Figure 1. Prefrontal cortex voxel location and spectra.

Figure 1.

a) Sagittal, coronal, and axial views of prefrontal cortex MRS voxel placement in the current (7 T) experiment and the legacy experiments, on the average T1-weighted structural image in Montreal Neurological Institute (MNI) space. Colour intensity indicates voxel placement overlap across participants; for the 3 T data, red indicates voxels from Filmer et al. (2019) and blue indicates voxels from Rideaux et al. (2021). b) Average sLASER, MEGA-sLASER and MEGA-PRESS spectra for all participants. Shaded regions indicate ±1 standard deviation. c) Examples of GABA+ and Glx model fit to the difference-spectra for 7 T and 3 T data.

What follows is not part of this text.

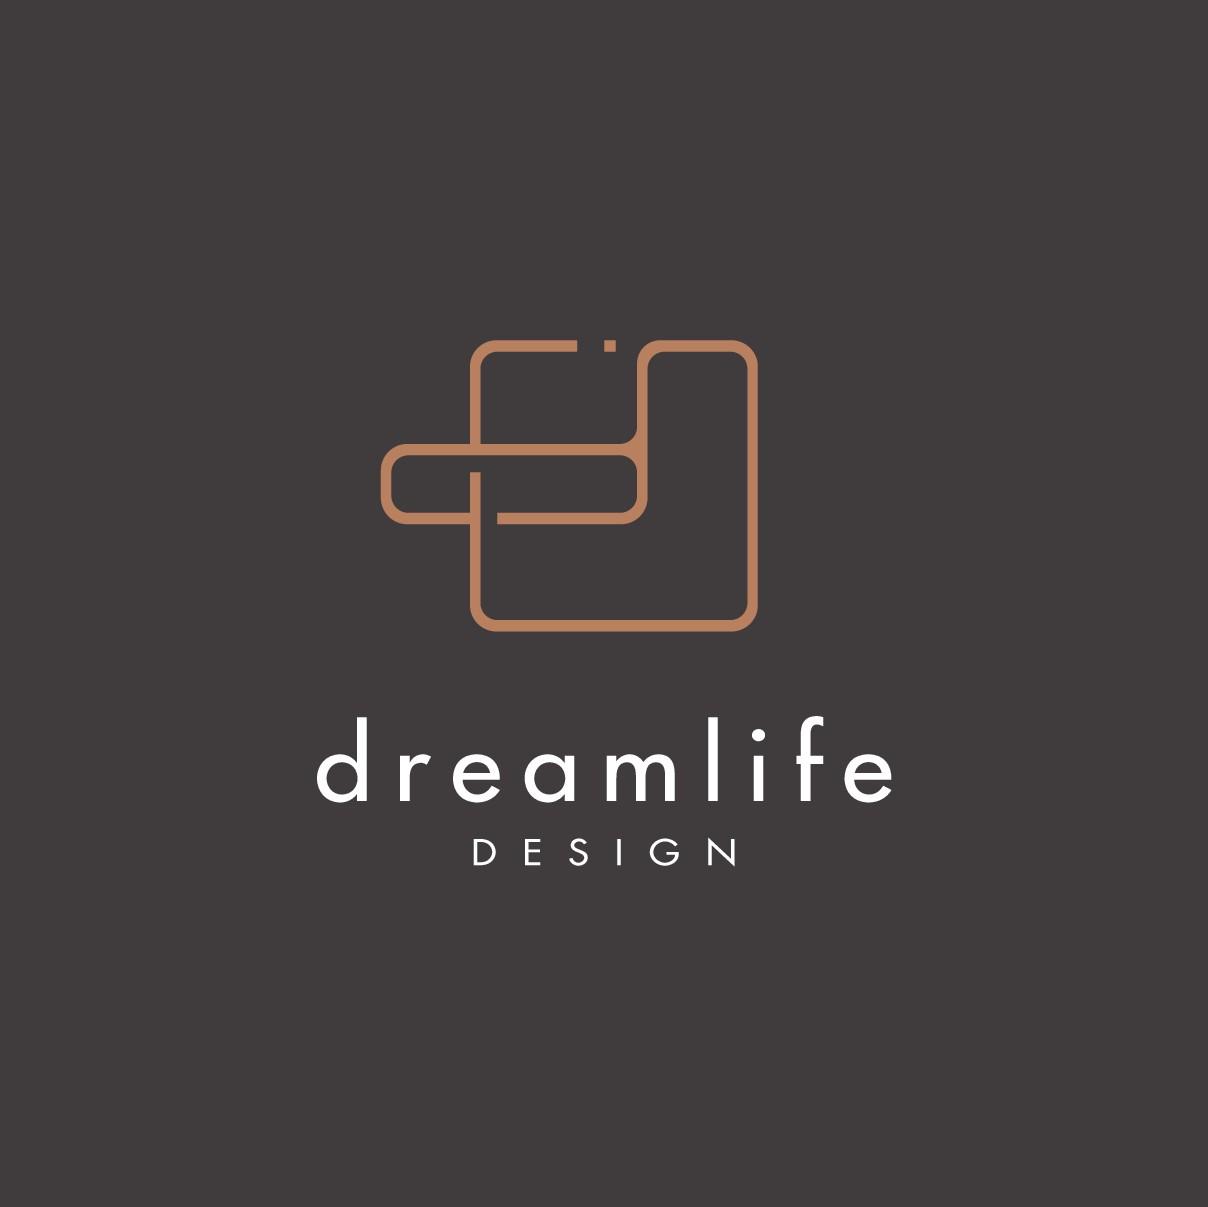 dreamlife design

We also analysed legacy MRS data from two previous studies (Filmer et al., 2019; Rideaux et al., 2021). These data were collected at different sites, using a 3 T Magnetom Prisma (Siemens Healthcare, Erlangen, Germany) equipped with either a 32- or a 64-channel receive-only head coil (Nova Medical, USA). For detection of GABA+ and Glx, all data were collected using a MEGA-PRESS sequence (Mescher et al., 1998). The data from Rideaux et al. (2021) were collected using the following parameters: TE=68 ms, TR=3000 ms, spectral width=2400 Hz; 256 transients of 2048 data points were acquired. The data from Filmer et al. (2019) were collected using the following parameters: TE=68 ms, TR=2000 ms, spectral width=2400 Hz; 144 transients of 2080 data points were acquired. For both datasets, a 14.28 ms Gaussian editing pulse was applied at 1.9 (ON) and 7.5 (OFF) ppm and water-unsuppressed transients were additionally acquired. The voxel size (40×25×30 mm3) and positioning used by Filmer et al. (2019) were similar to those used in the current experiment, whereas Rideaux et al. (2021) used a smaller voxel (25×25×25 mm3) with similar positioning (left hemisphere, above the superior margin of the lateral ventricles; Fig. 1a).

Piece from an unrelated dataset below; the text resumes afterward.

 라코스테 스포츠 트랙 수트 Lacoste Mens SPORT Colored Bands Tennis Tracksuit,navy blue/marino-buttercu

To test the regional specificity of the results obtained from prefrontal cortex data, we analysed MRS data collected from a voxel targeting occipital cortex (Fig. 2a). These data were collected in the same scanning session as the primary dataset, using the same sequences, from a voxel (40×26×26 mm3) positioned centrally across the bilateral midline, above and aligned to the calcarine fissure.

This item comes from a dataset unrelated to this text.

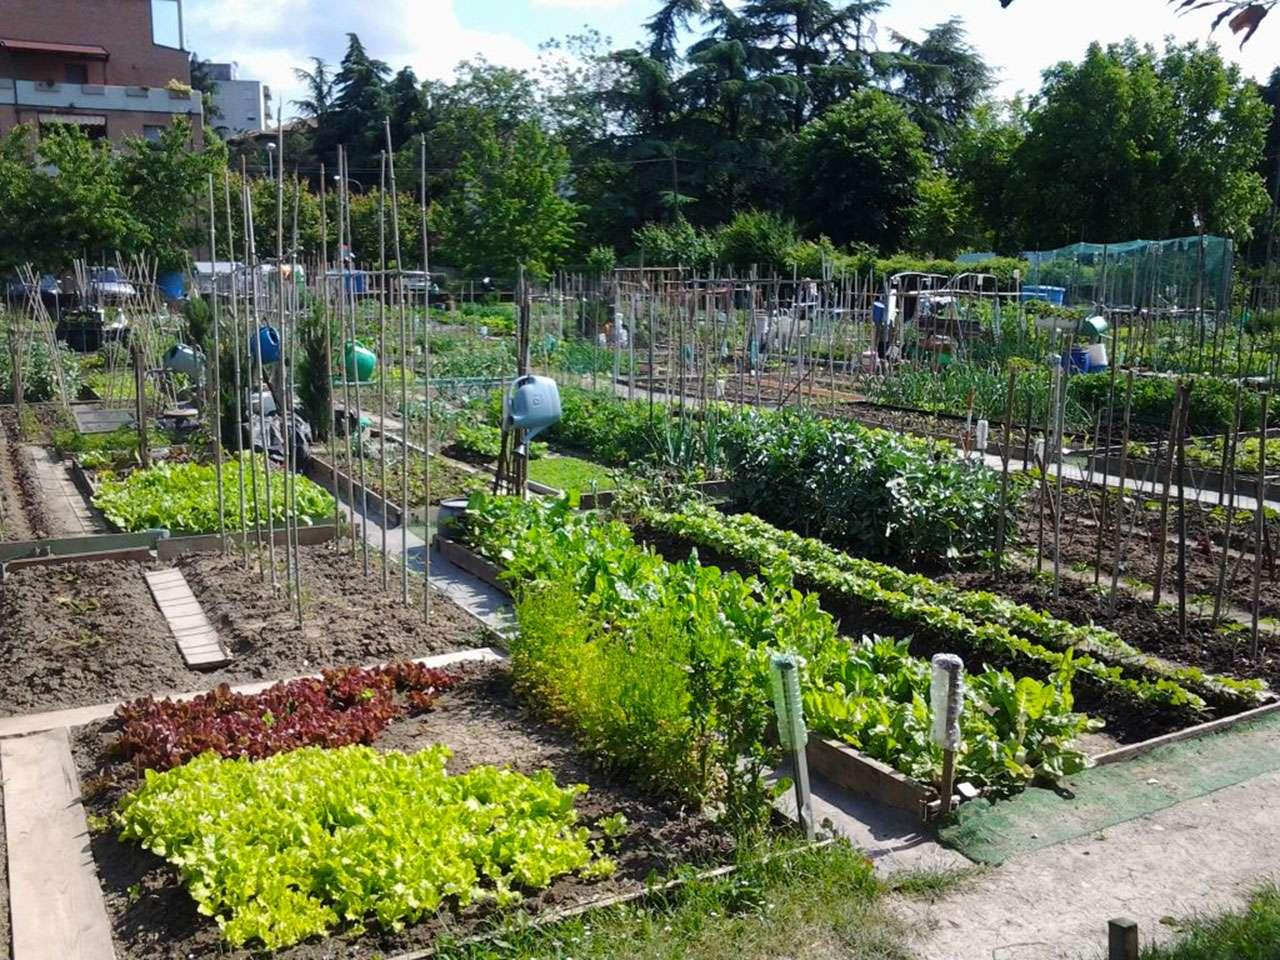 Orto come e quando organizzazione il nostro terreno - L orto in giardino ...

Figure 2. Occipital cortex voxel location and spectra.

Figure 2.

a) Sagittal, coronal, and axial views of occipital cortex MRS voxel placement on the average T1-weighted structural image in MNI space. Colour intensity indicates voxel placement overlap across participants. b) Average sLASER and MEGA-sLASER spectra for all participants. Shaded regions indicate ±1 standard deviation.

Data processing.

Spectral pre-processing and quantification were conducted in MATLAB (The MathWorks, Inc., Matick, MA) using in-house scripts. Prior to alignment, for consistency with previous work (Rideaux, 2021; Steel et al., 2020) and to improve frequency/phase estimation, all edited (MEGA) subspectra were 3-Hz exponential line-broadened zero-filled to a spectral resolution of 0.061 Hz/point. Unedited (sLASER) data were not line-broadened or zero-filled due to constraints imposed by LCModel (Provencher, 1993). Frequency and phase parameter estimates were obtained by modelling the total creatine (tCr; creatine and phosphocreatine) signal, then these parameters were used to align subspectra to a common frequency and phase, as previous work has shown this is the most effective method of alignment for GABA+ quantification (Rideaux et al., 2021). Estimates of signal area and full width at half maximum (FWHM) were also obtained, and subspectra (and their corresponding ON/OFF subspectra) with parameter estimates >2.5 standard deviations (s.d.) from the mean within a scan were omitted from further analysis. Spectra with standard deviation >.15 between frequencies 3.2–3.6 were omitted due to contamination by spurious echoes (n=22; (Near et al., 2021); note, however, we found the same pattern of results when these spectra were included in the analyses.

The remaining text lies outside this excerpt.